“¿Te das cuenta, Arturo, de que en las casas modernas no hay fantasmas?” preguntaba mi tía Eva Urbiola a su hermano, cuando él hablaba de los misterios de su juventud: brujas que eran bolas de fuego por los cerros, sonidos de otro siglo atrapados en los rincones, sacerdotes muertos que aparecían para oficiar una misa pendiente.

Mi intuición de niña me exigía tomar partido: o me volvía escéptica como Eva, o amante del misterio como Arturo. Elegí el primer camino. Por tanto, nunca he visto, escuchado o sentido nada que pueda catalogar de sobrenatural. Quizá me perdí de algo importante.

En la novela El museo de la inocencia, Orhan Pamuk narra la historia de Kemal, un joven rico de Estambul, y de Füsun, prima lejana. Kamal se enamora de ella en forma obsesiva. Al perderla, el muchacho hace viajes por el mundo en pos del fantasma de la chica: busca mujeres que se peinen como ella, aspira los perfumes de las jóvenes por la calle queriendo encontrar el de su amada, recopila objetos que le recuerden su relación y atesora todo lo que pasó por las manos de Füsun. Mientras tanto, nos cuenta sobre los cambios que ha vivido la sociedad turca en las últimas décadas.

Mientras escribía su libro, Pamuk reunió miles de objetos con los que creó la colección permanente del Museo de la Inocencia, ubicado en una casona del siglo XIX en el barrio Çukurcuma de Estambul; abrió sus puertas en 2013, y en 2014 ganó el premio del mejor museo europeo.

Todos tenemos nuestra propia colección de artículos simbólicos, algunos sin valor económico: cartas de amor, boletos de cine, una flor disecada, una foto escondida. Como el personaje de Pamuk, guardamos un objeto al que asignamos una función: recordar un momento, provocar emociones, sacar a la luz conversaciones que estaban a punto de caer en el olvido. De ahí el éxito del museo.

Francisco Hernández, en su poema “El fantasma” evoca:

“Amo las líneas nebulosas de tu cara
tu voz que no recuerdo, / tu racimo de aromas olvidados.
Amo tus pasos que a nadie te conducen
y el sótano que pueblas con mi ausencia.
Amo entrañablemente tu carne de fantasma”.

Rubén Márquez, profesor de literatura del Tec de Monterrey Campus Puebla, nos explica: “En la poesía amorosa de Francisco Hernández observamos la imagen de la ausencia como una constante. Nadie mejor que el poeta que desde la soledad de la isla dialoga con fantasmas para mostrarnos, con esa claridad que deslumbra, aquello que por ausente se vuelve la más pura presencia”.

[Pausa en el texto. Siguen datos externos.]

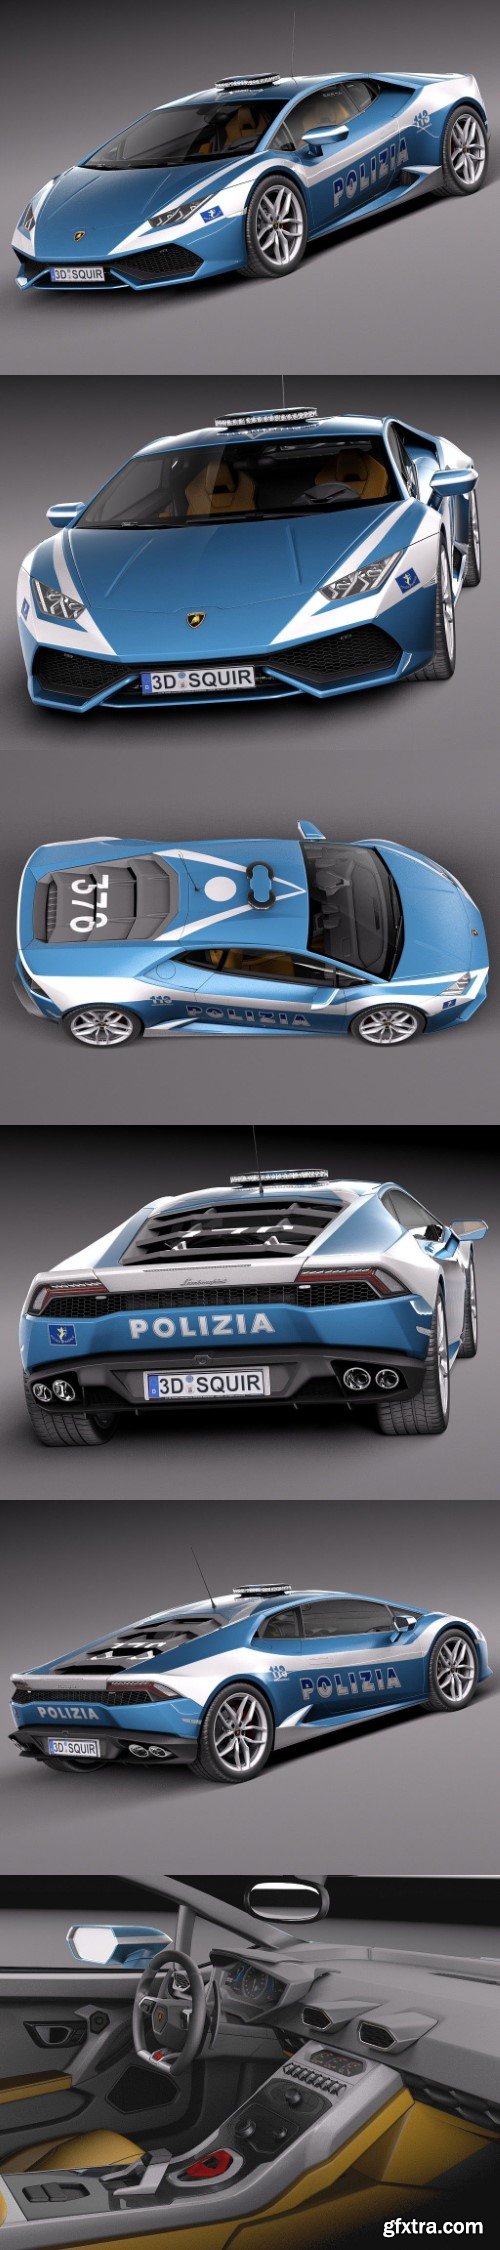 Lamborghini Huracan 2015 Italian Police Car 3d model

Además, están los fantasmas que habitan en el espíritu. Vivimos con las voces de nuestro niño interior, que se empeña en recrear las burlas que sufrió en primaria, o un castigo físico injusto. El adolescente que fuimos nos reclama que no hayamos cumplido sus metas y que tiremos sus sueños a la basura. “Pero”, le decimos, “la situación ha sido difícil, yo hice lo posible”.

Esos fantasmas nos asustan más que los ruidos de medianoche o las corrientes de viento que no salen de ninguna ventana. Ellos son lo que pudimos ser y no fuimos, y lo que daríamos cualquier cosa para que no hubiera ocurrido. Mis ancestros se encomendaban a las ánimas, otros seres intangibles, para ahuyentar al misterio, para seguir viviendo.